Batch Scrape - Firecrawl

Batch Scrape allows you to scrape multiple URLs efficiently with parallel processing. It’s ideal when you have a list of specific URLs to scrape and want to process them all at once.

When to Use Batch Scrape

Use Batch Scrape when you need to:

Scrape a known list of URLs
Process hundreds or thousands of pages in parallel
Extract data from multiple pages with the same structure
Update data from a list of product pages, articles, or profiles
Scrape URLs discovered from Map or other sources

Basic Usage

Python
JavaScript
cURL

from firecrawl import Firecrawl

app = Firecrawl(api_key="fc-YOUR_API_KEY")

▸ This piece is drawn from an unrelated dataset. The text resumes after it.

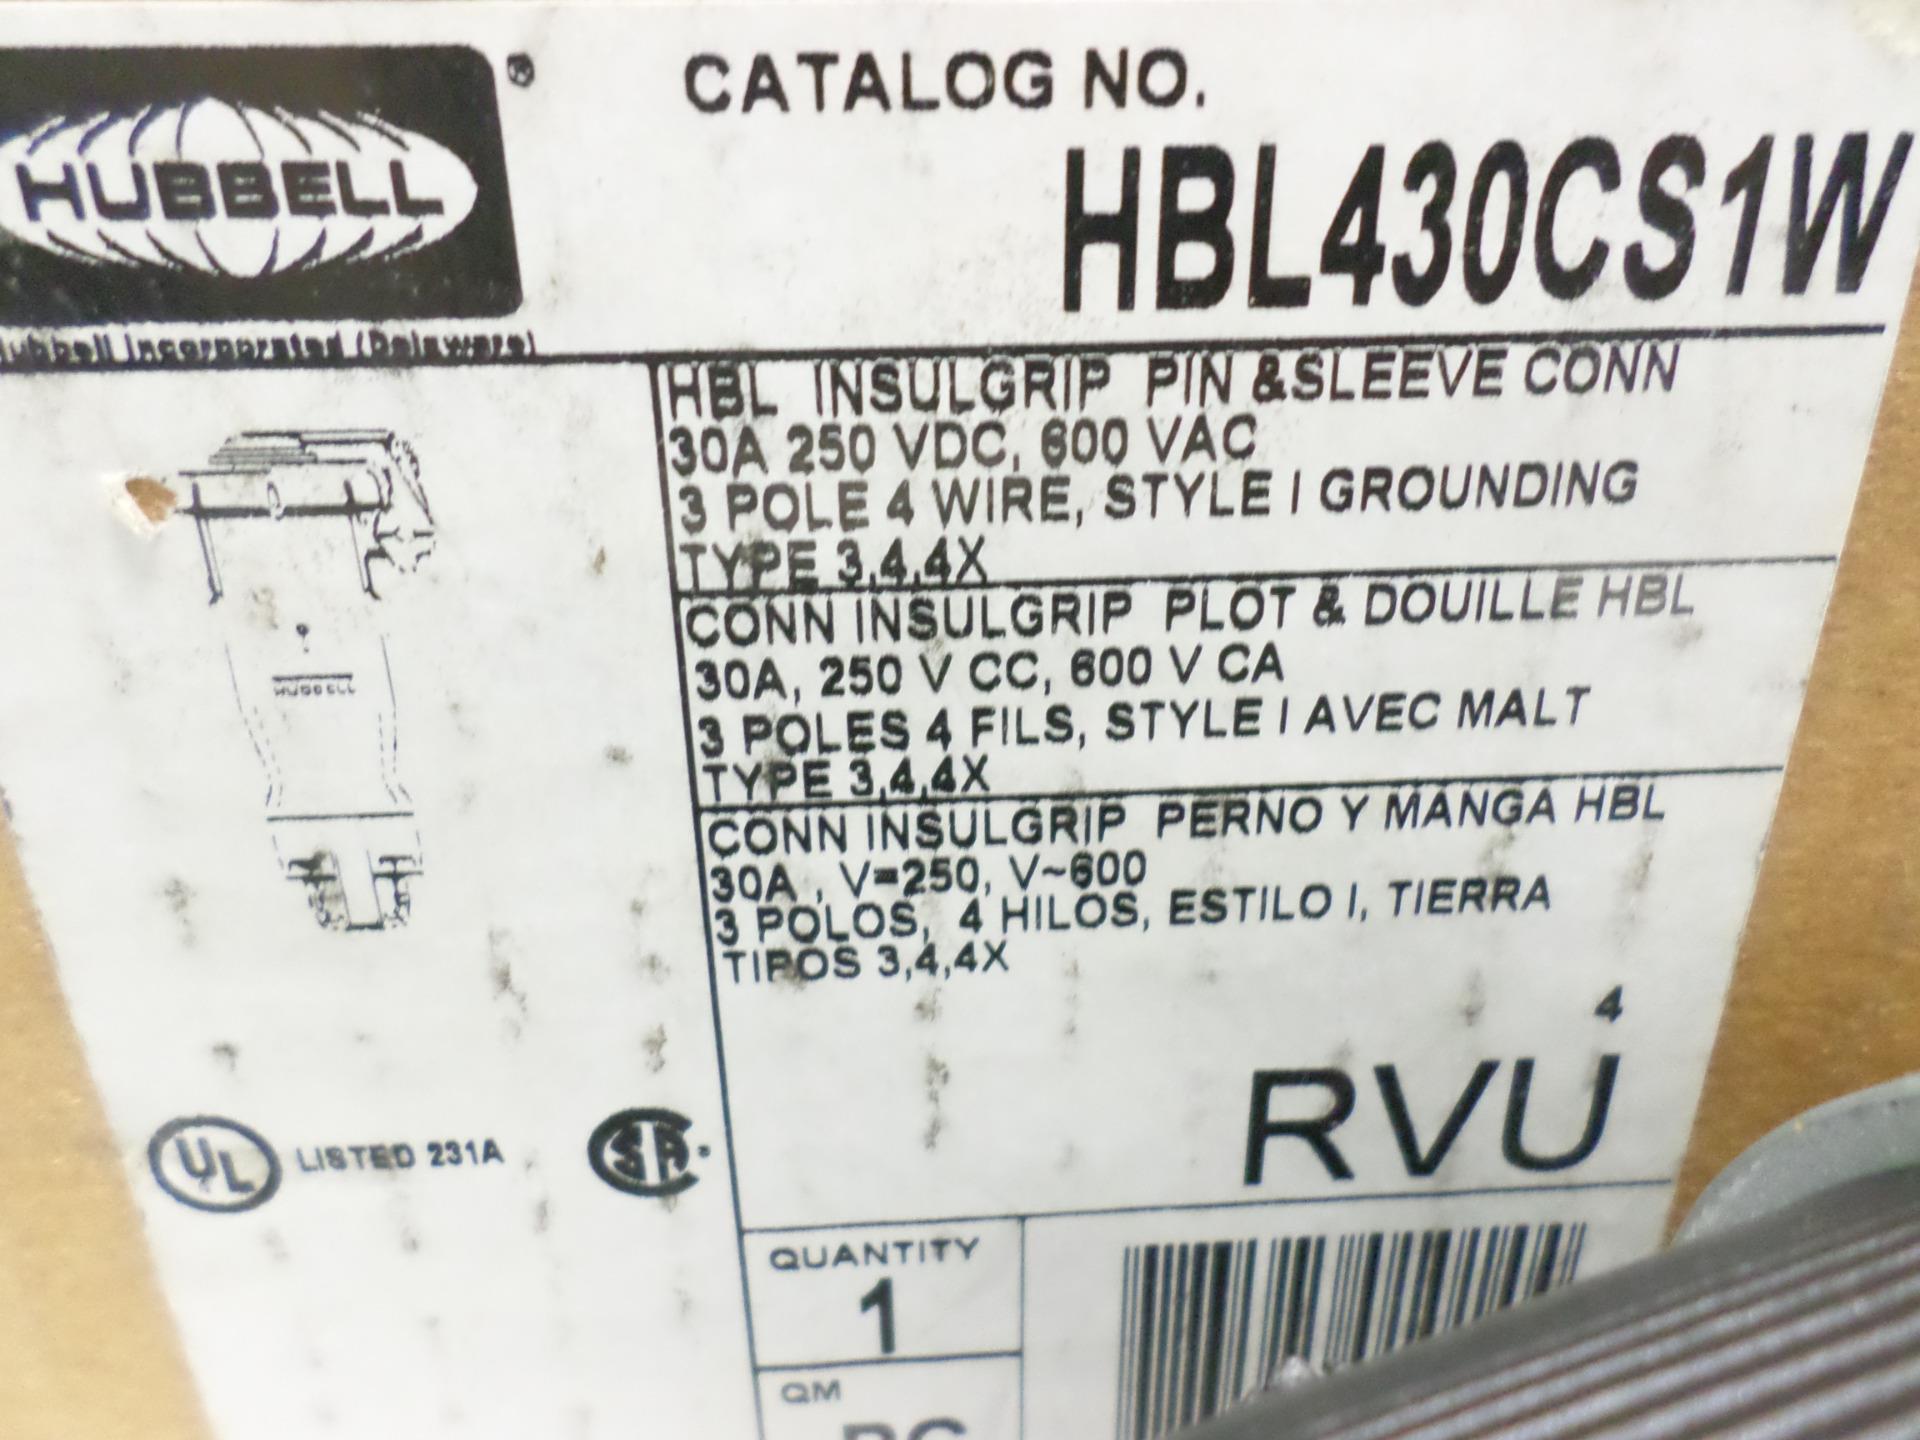 Hubbell Wiring Device Pin Sleeve Connector 30a Hbl430cs1w Nib Ebay Catalog Lsjch08262016 Shelf51 15321 Jobcodeham72116 Lsjch08272016 15322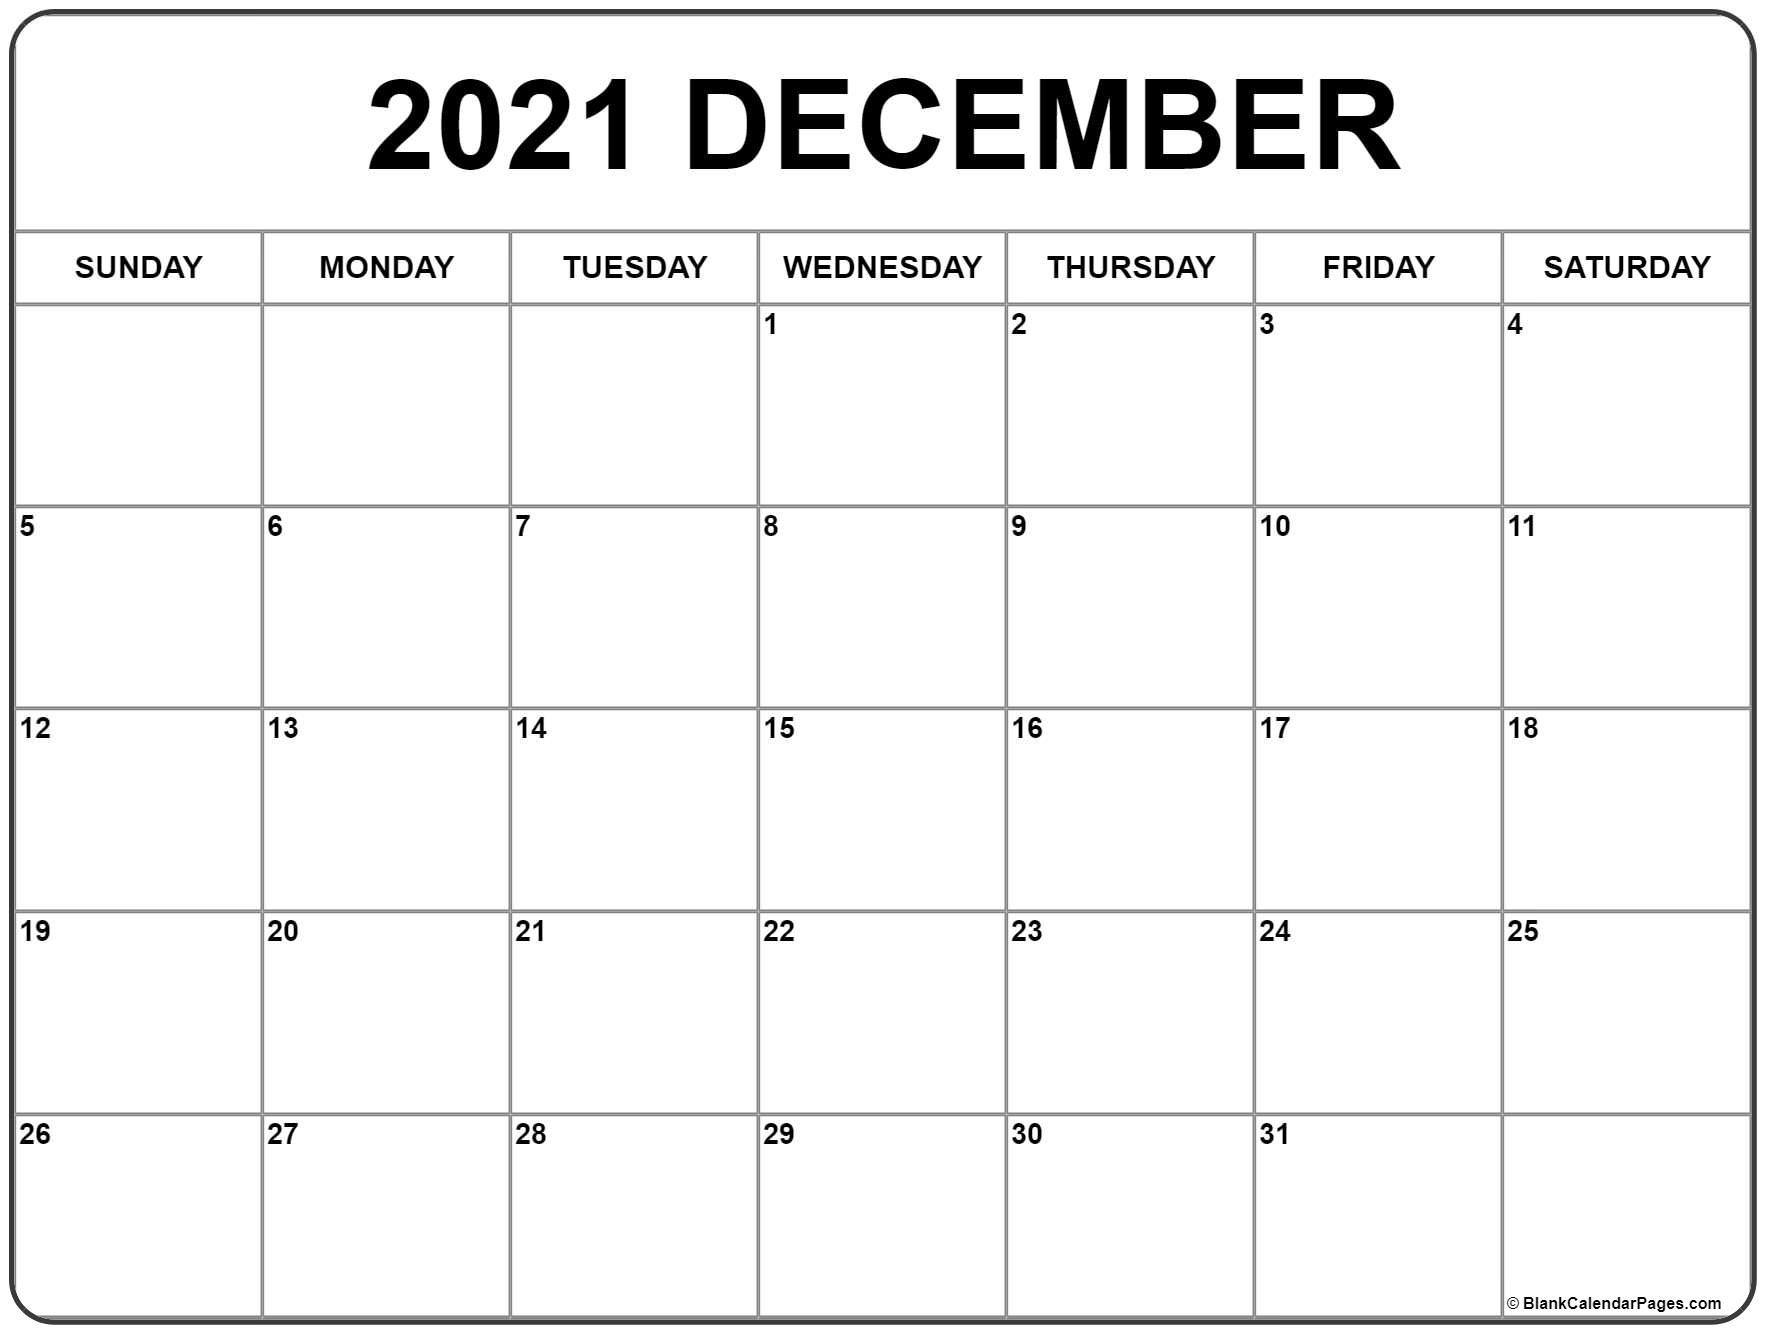 Free Whimsical Christmas Theme 2021 December Printable Calendar Free Printable Monthly Calendar December 2021 Calendar Printables September Calendar Monthly Calendar Printable

# Batch scrape multiple URLs (waits for completion)
job = app.batch_scrape(
    [
        "https://firecrawl.dev",
        "https://docs.firecrawl.dev",
        "https://firecrawl.dev/pricing"
    ],
    formats=["markdown"]
)

for doc in job.data:
    print(doc.metadata.source_url)
    print(doc.markdown[:100])

import Firecrawl from '@mendable/firecrawl-js';

const app = new Firecrawl({ apiKey: 'fc-YOUR_API_KEY' });

// Batch scrape multiple URLs (waits for completion)
const result = await app.batchScrape(
  ['https://firecrawl.dev', 'https://docs.firecrawl.dev', 'https://firecrawl.dev/pricing'],
  { formats: ['markdown'] }
);

result.data.forEach(doc => {
  console.log(doc.metadata.sourceURL);
  console.log(doc.markdown.substring(0, 100));
});

curl -X POST 'https://api.firecrawl.dev/v2/batch/scrape' \
  -H 'Authorization: Bearer fc-YOUR_API_KEY' \
  -H 'Content-Type: application/json' \
  -d '{
    "urls": [
      "https://firecrawl.dev",
      "https://docs.firecrawl.dev",
      "https://firecrawl.dev/pricing"
    ],
    "formats": ["markdown"]
  }'

The SDKs automatically wait for batch scraping to complete. For manual control, use the async methods below.

Asynchronous Batch Scrape

For large batches, start the job asynchronously and poll for status:

Python
JavaScript

# Start batch scrape asynchronously
batch_job = app.start_batch_scrape(
    ["https://firecrawl.dev", "https://docs.firecrawl.dev"],
    formats=["markdown", "html"]
)

print(f"Batch job started with ID: {batch_job.id}")

# Check status later
status = app.get_batch_scrape_status(batch_job.id)
print(f"Status: {status.status}")
print(f"Completed: {status.completed}/{status.total}")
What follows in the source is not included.